++++ Given entries

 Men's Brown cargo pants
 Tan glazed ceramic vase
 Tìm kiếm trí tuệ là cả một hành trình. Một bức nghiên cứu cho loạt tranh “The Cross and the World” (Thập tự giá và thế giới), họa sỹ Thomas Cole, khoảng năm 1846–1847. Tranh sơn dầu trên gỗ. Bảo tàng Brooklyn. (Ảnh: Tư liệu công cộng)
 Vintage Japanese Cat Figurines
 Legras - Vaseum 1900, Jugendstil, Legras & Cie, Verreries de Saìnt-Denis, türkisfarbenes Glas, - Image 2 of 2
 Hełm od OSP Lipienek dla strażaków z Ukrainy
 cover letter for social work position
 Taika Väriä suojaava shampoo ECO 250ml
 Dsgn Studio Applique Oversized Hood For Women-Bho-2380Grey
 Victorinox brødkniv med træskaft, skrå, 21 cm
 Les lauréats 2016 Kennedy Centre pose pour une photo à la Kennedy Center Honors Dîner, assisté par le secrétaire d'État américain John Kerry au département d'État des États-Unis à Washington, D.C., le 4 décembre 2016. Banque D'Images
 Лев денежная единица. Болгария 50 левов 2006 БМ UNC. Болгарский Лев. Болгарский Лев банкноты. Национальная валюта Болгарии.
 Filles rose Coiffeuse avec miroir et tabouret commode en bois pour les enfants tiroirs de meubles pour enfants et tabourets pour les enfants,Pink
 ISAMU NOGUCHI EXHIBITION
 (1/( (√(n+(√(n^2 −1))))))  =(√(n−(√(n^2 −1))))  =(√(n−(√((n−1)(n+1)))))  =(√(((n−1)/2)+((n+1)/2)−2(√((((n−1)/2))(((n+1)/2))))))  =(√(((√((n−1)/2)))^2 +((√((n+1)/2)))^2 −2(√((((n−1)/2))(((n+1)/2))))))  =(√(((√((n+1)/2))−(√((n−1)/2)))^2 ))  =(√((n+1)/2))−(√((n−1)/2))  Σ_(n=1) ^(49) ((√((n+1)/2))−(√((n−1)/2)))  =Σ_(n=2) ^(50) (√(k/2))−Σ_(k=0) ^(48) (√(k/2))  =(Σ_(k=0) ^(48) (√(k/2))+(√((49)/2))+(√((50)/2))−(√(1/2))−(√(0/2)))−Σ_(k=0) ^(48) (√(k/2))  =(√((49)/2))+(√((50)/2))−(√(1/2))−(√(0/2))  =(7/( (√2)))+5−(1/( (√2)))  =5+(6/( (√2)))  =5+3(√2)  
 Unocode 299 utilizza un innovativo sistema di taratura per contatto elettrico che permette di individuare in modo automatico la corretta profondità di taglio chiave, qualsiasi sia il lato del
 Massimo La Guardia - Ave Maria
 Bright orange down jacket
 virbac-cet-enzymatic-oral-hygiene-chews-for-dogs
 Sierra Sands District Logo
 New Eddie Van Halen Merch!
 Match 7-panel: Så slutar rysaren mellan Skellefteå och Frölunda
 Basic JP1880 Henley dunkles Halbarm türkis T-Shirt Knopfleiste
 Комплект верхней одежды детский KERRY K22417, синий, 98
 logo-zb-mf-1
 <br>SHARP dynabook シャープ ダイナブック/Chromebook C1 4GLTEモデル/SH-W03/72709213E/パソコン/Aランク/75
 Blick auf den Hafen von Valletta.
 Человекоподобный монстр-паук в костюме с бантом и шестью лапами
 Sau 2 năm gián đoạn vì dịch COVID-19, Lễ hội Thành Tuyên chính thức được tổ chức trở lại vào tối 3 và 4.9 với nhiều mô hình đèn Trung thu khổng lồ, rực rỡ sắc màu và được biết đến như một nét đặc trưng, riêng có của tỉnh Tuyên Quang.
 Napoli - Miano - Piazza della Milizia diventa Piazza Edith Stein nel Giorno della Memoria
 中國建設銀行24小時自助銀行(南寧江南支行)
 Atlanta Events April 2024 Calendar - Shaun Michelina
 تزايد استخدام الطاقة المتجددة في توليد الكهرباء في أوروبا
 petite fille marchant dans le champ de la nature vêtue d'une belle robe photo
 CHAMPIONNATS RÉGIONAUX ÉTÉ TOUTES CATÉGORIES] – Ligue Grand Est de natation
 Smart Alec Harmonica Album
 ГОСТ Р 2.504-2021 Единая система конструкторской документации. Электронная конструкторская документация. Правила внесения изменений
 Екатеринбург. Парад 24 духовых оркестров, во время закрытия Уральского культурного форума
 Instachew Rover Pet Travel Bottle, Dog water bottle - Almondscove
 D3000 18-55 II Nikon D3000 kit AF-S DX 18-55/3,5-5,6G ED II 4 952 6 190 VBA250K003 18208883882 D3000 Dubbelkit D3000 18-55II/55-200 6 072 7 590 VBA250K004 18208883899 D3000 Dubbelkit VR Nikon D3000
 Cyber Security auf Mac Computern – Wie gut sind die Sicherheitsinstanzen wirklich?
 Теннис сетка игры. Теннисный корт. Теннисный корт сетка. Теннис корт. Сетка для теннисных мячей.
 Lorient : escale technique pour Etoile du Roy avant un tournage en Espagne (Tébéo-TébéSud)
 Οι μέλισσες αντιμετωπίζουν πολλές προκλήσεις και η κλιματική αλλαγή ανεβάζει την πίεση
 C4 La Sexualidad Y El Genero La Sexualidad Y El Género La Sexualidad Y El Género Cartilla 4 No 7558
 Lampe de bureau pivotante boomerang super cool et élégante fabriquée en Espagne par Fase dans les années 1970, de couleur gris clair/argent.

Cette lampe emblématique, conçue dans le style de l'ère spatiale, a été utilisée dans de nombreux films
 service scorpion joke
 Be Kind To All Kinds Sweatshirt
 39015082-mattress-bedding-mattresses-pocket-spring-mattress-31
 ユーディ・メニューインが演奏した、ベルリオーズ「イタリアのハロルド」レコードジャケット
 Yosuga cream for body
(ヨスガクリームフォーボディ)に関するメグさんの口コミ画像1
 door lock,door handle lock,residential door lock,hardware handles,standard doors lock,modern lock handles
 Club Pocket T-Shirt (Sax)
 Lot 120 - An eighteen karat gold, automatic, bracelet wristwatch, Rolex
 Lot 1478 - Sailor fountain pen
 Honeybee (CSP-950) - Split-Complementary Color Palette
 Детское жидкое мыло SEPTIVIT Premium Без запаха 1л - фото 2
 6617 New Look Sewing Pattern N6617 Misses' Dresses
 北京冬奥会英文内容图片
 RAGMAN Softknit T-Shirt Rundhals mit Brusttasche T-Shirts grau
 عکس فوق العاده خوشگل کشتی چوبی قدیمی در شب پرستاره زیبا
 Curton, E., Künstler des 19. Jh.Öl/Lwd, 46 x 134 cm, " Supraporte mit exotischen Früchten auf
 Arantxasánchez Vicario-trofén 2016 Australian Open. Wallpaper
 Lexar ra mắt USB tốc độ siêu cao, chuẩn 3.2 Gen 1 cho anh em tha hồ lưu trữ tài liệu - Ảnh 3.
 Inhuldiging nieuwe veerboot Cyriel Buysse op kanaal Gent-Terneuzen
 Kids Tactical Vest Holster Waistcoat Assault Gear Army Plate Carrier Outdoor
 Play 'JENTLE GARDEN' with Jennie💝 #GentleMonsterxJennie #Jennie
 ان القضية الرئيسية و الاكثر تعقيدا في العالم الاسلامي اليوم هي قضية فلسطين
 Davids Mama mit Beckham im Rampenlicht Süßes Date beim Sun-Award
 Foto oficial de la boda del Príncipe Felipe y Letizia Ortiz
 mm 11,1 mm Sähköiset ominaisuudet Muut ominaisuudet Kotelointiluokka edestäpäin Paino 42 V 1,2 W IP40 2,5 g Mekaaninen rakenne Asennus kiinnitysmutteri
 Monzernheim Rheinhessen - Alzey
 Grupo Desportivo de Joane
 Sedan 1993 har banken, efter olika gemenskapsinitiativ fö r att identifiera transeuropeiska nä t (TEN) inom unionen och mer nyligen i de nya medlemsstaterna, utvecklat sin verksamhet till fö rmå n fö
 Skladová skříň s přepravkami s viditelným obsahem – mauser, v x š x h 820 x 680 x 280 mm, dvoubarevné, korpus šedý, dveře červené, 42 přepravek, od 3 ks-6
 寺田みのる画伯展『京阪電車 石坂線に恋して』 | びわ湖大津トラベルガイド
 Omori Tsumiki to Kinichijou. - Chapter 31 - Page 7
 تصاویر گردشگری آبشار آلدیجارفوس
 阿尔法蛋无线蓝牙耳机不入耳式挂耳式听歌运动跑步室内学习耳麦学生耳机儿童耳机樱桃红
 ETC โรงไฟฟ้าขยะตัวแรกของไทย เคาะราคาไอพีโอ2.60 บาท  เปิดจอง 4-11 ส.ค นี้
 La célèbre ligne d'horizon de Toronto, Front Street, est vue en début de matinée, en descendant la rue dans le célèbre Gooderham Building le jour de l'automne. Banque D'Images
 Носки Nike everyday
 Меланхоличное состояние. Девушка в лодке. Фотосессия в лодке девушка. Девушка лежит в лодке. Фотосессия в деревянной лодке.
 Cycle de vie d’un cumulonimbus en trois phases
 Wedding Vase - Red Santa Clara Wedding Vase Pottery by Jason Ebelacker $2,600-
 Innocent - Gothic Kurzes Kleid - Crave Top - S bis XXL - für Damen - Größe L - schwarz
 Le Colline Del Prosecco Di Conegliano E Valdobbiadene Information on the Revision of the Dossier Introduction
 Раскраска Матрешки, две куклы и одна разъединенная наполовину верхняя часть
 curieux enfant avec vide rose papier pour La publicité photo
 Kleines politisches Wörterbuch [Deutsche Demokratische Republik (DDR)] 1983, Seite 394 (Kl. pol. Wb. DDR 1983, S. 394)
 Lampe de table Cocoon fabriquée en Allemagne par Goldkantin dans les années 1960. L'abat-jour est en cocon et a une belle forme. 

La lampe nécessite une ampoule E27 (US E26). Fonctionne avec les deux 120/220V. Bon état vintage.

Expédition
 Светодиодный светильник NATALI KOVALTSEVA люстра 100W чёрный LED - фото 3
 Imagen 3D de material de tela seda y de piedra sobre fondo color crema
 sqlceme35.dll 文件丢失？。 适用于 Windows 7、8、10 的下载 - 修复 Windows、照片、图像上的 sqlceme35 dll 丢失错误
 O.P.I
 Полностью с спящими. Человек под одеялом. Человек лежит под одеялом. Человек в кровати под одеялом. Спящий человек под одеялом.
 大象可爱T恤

++++++++

**Your goal**
From the records above, transcribe without alteration every line from the one with "Atlanta Events April" to the one with "Cyber Security auf", inclusive.

**Result of the task**
 Atlanta Events April 2024 Calendar - Shaun Michelina
 تزايد استخدام الطاقة المتجددة في توليد الكهرباء في أوروبا
 petite fille marchant dans le champ de la nature vêtue d'une belle robe photo
 CHAMPIONNATS RÉGIONAUX ÉTÉ TOUTES CATÉGORIES] – Ligue Grand Est de natation
 Smart Alec Harmonica Album
 ГОСТ Р 2.504-2021 Единая система конструкторской документации. Электронная конструкторская документация. Правила внесения изменений
 Екатеринбург. Парад 24 духовых оркестров, во время закрытия Уральского культурного форума
 Instachew Rover Pet Travel Bottle, Dog water bottle - Almondscove
 D3000 18-55 II Nikon D3000 kit AF-S DX 18-55/3,5-5,6G ED II 4 952 6 190 VBA250K003 18208883882 D3000 Dubbelkit D3000 18-55II/55-200 6 072 7 590 VBA250K004 18208883899 D3000 Dubbelkit VR Nikon D3000
 Cyber Security auf Mac Computern – Wie gut sind die Sicherheitsinstanzen wirklich?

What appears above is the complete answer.